Others are skeptical. "I don't see a compelling need for this facility," says Jacopo Buongiorno, a nuclear engineer at the Massachusetts Institute of Technology in Cambridge. He says the test reactor would come online too late to help companies now developing novel fast-reactor designs, such as Oklo Inc., of Sunnyvale, California. Oklo Co-Founder Caroline Cochran agrees that the reactor won't be ready in time to help the company, but says, "It will be a national resource in the decade to come."
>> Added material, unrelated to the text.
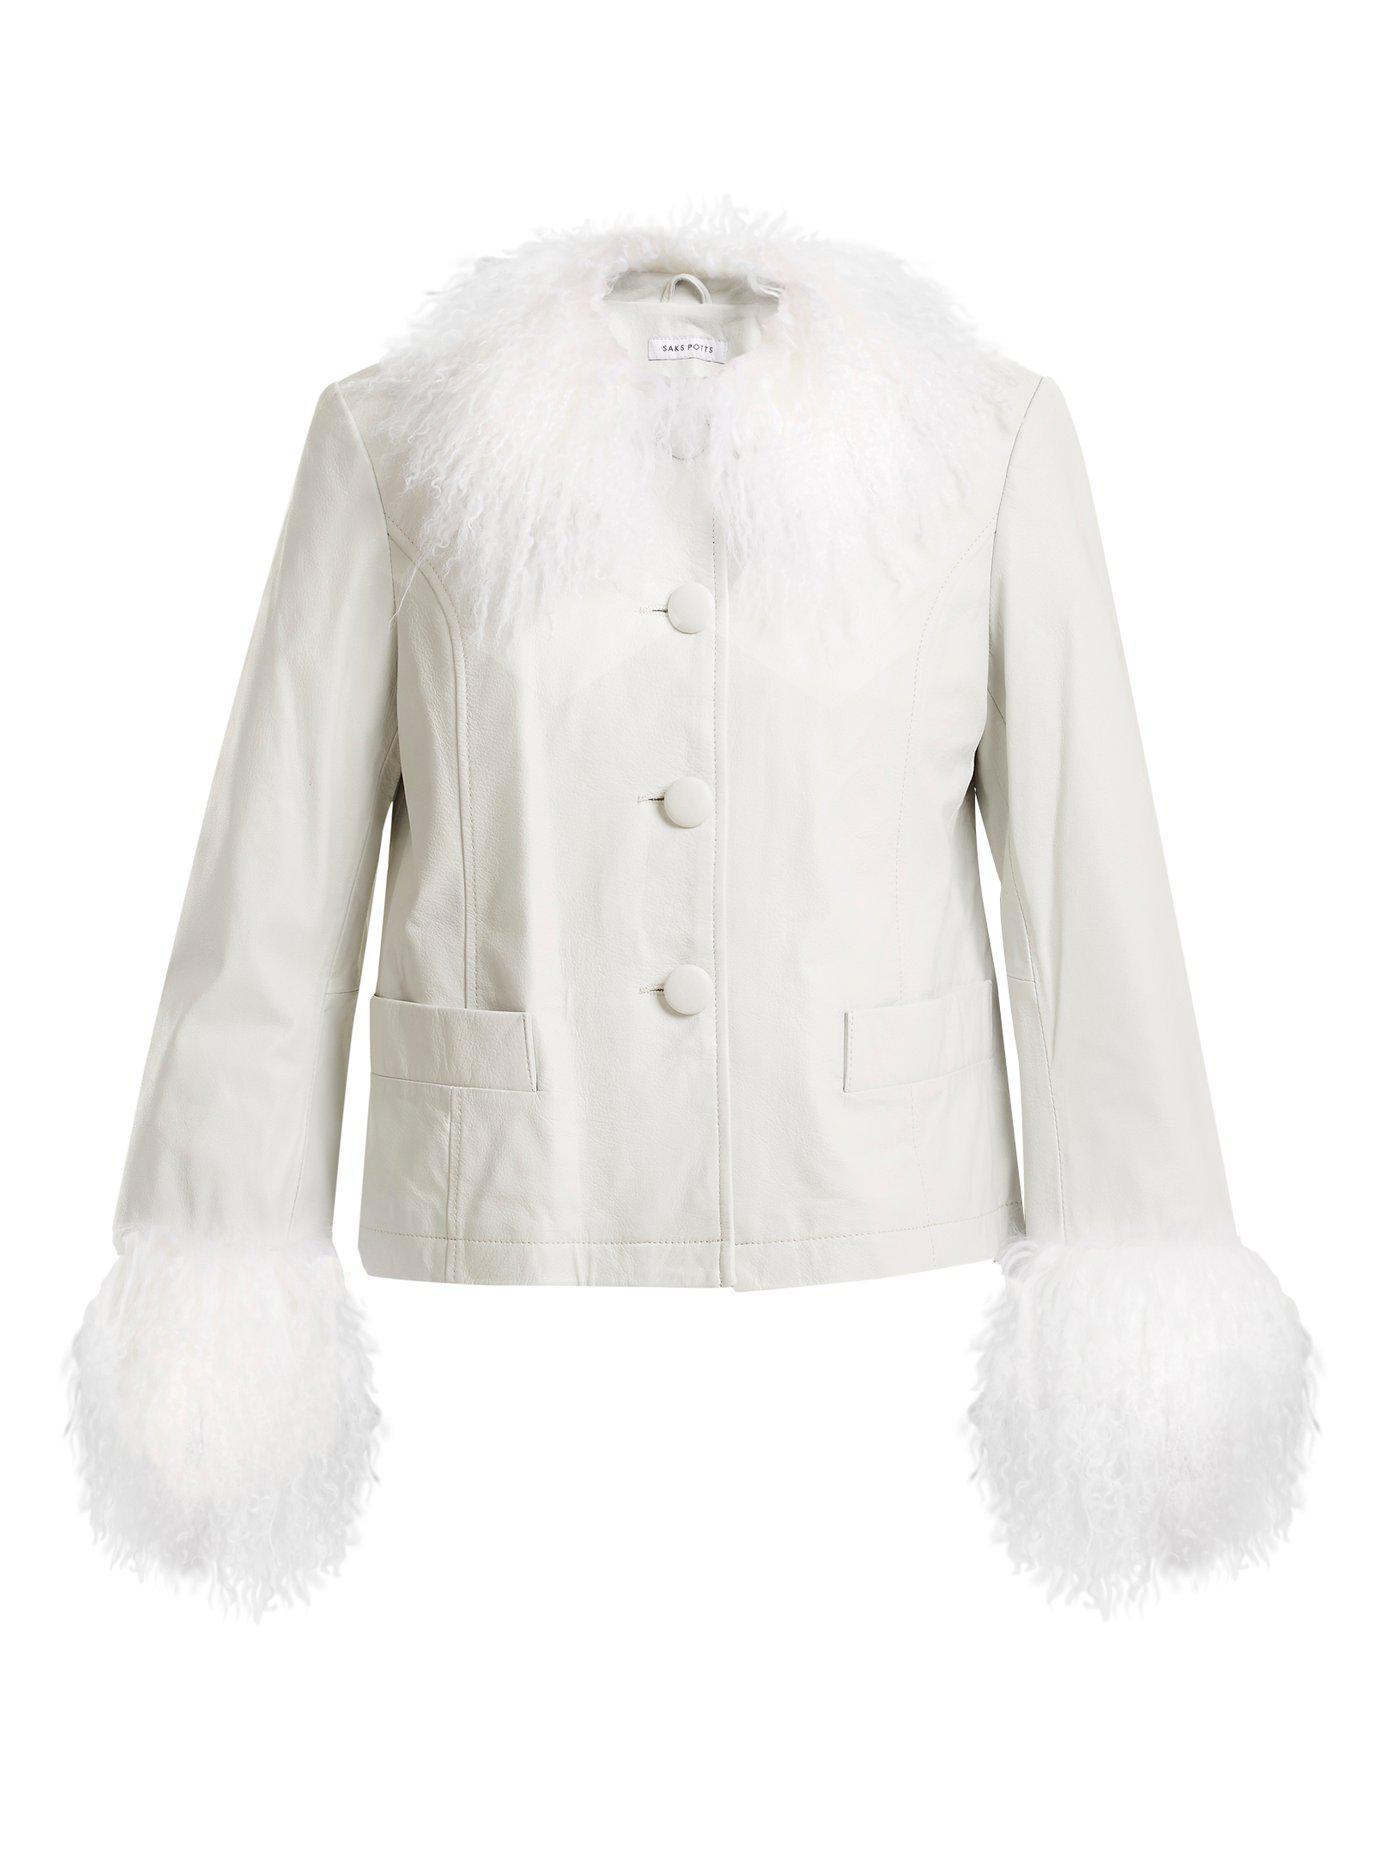 Veste en cuir à bords en fourrure DortheSaks Potts Vente Pas Cher Avec Paypal Qualité Supérieure À Vendre 7HgW82

Edwin Lyman, a physicist with the Union of Concerned Scientists in Washington, D.C., argues that INL's real goal is reviving its fast-reactor program. INL's sodium-cooled Experimental Breeder Reactor-II shut down in 1994. Pasamehmetoglu acknowledges that one reason to build the neutron source is to maintain expertise.

The debate over the test reactor mirrors a larger one over the future of nuclear energy, says Mark Hibbs, policy analyst with the Carnegie Institution for International Peace in Berlin. If nuclear energy provides a bridge to other carbon-free sources such as wind and solar, fast reactors won't be needed, he says. But if nuclear energy will be needed for centuries—as China anticipates—then utilities must eventually switch to fuel-breeding fast reactors, Hibbs says. The debate, he says, "is dominated by theology and lobbyists."

In Congress, the reactor has bipartisan support, especially from the House science committee, where Representatives Randy Weber (R–TX) and Eddie Bernice Johnson (D–TX) both sponsored the House bill. "We felt that there is a very clear need and it's timely," says one committee aide. "If we wait too long, all these companies will go to Russia."

The project is already taking an usual trajectory at DOE. According to agency rules, a major project must pass a review that certifies the need for the facility before moving on to designs. But in this case, Pasamehmetoglu says his team will develop the design and costing first, and present it to DOE for a yes or no decision in 2020.

That is a problem, Lyman says. "Clearly, they haven't done their due diligence to show that this facility is needed," he says. Before going further, Von Hippel says, DOE should ask the National Academies of Sciences, Engineering, and Medicine to study the need for the reactor.